Search This Blog

Divided We Stand

Divided We Stand
New book about the 2020 election.

Sunday, August 4, 2024

Trump's Bonkers Attack on Brian Kemp


A  rule of thumb in political psychology: look at personality to account for political behavior only when no other explanation makes sense.  Case in point: attacking a governor whose support you desperately need.  Extra points for attacking a Southern governor's wife.

Adam Wren and Meridith McGraw at Politico:
Former President Donald Trump is reopening an old feud with Republicans in Georgia.

Just before rallying supporters in Atlanta on Saturday, Trump unleashed a tirade on the state’s popular Republican governor, Brian Kemp, whose vaunted ground game operation Trump may need in November, ripping into him on Truth Social for “fighting Unity and the Republican Party.”
And when Trump took the stage, he went at him even harder.

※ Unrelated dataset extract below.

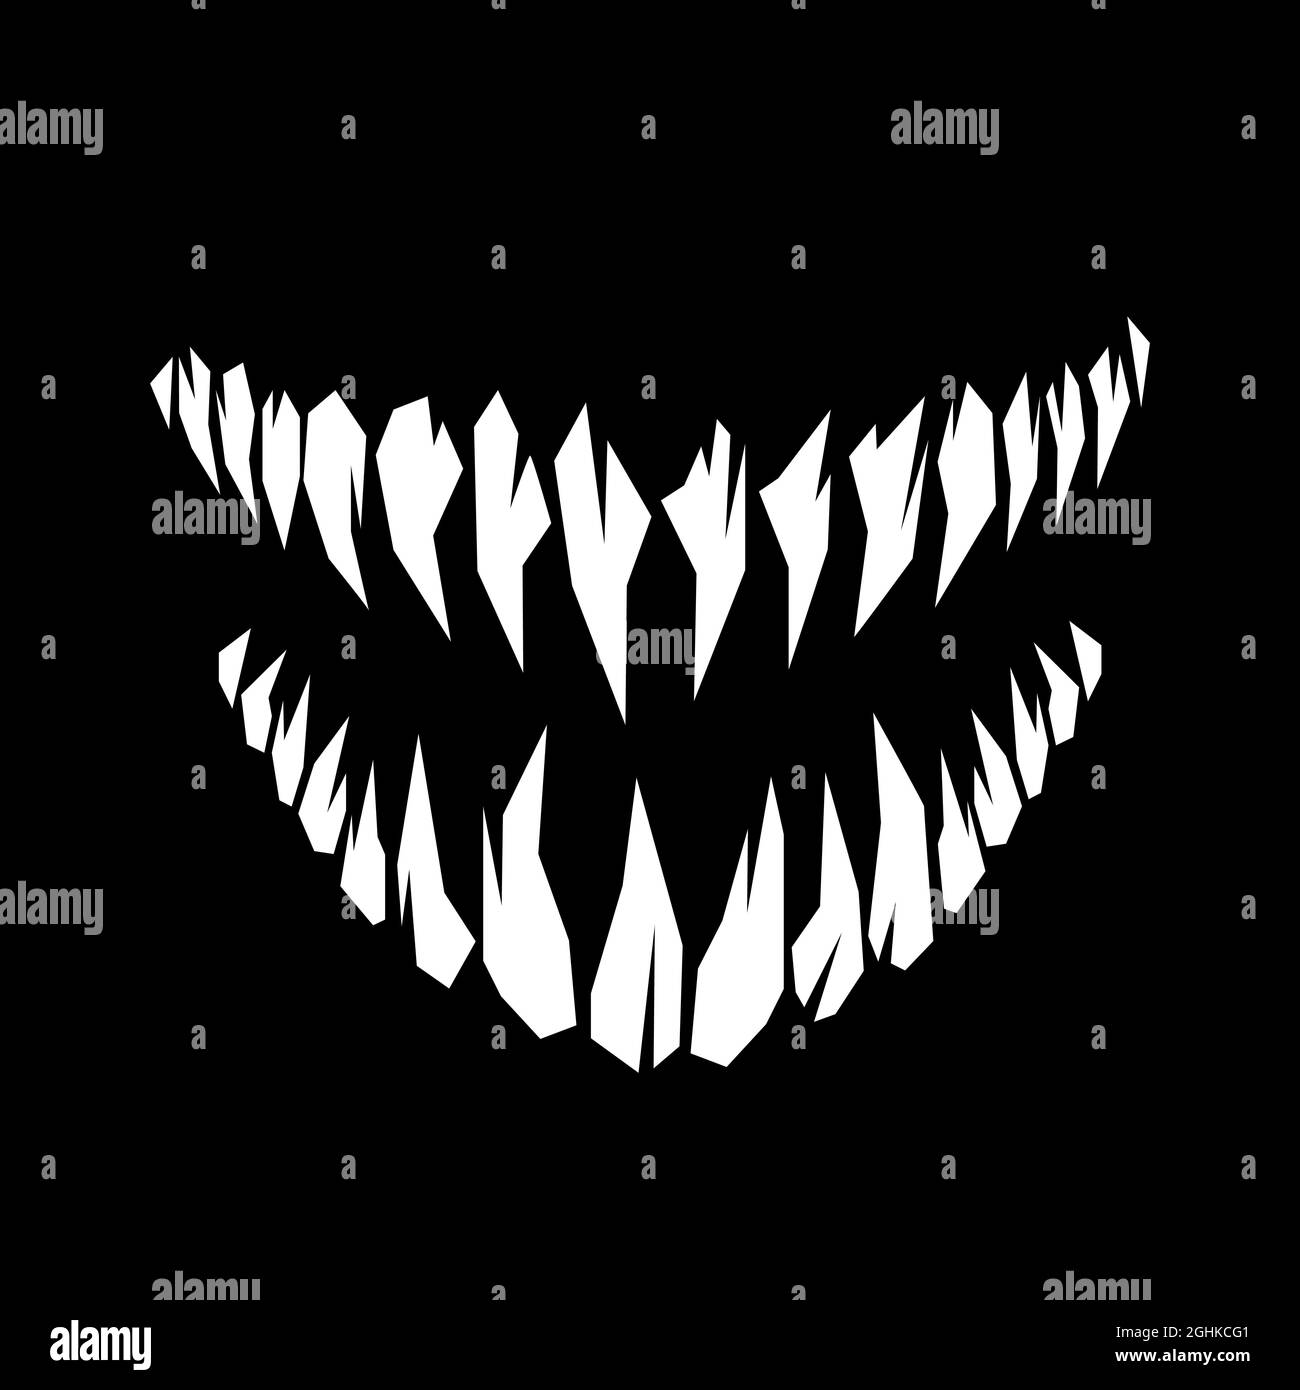 Horror mostro e vampiro fangs denti silhouette illustrazione vettoriale isolato su sfondo nero Illustrazione Vettoriale

“He’s a bad guy, he’s a disloyal guy and he’s a very average governor,” Trump told supporters, eliciting boos toward Kemp from the crowd.

The attack — on social media and in person at the Georgia State University Convocation Center — marked an escalation of Trump’s longstanding criticism of Kemp. And it instantly unsettled Georgia Republicans, who warned Trump’s comments threaten his already shaky prospects in the state.

“I’m sitting here scratching my head,” Bobby Saparow, a Republican operative and Brian Kemp’s former campaign manager, told POLITICO. “Attacking the popular governor of a pivotal swing state makes zero sense. If we want to actually unite, ask for the support of the guy who beat your endorsed primary opponent by 52 points and handily defeated Stacey Abrams.”

Or, as Erick Erickson, the Georgia Republican and radio host, told POLITICO: “Over 30,000 people refused to vote for [Trump] in Georgia in 2020 and he lost by about 12,000 votes. All he’s doing is reminding everyone why they don’t like him. And he has no Georgia ground game and will have to rely on Kemp. It’s going to hurt him.”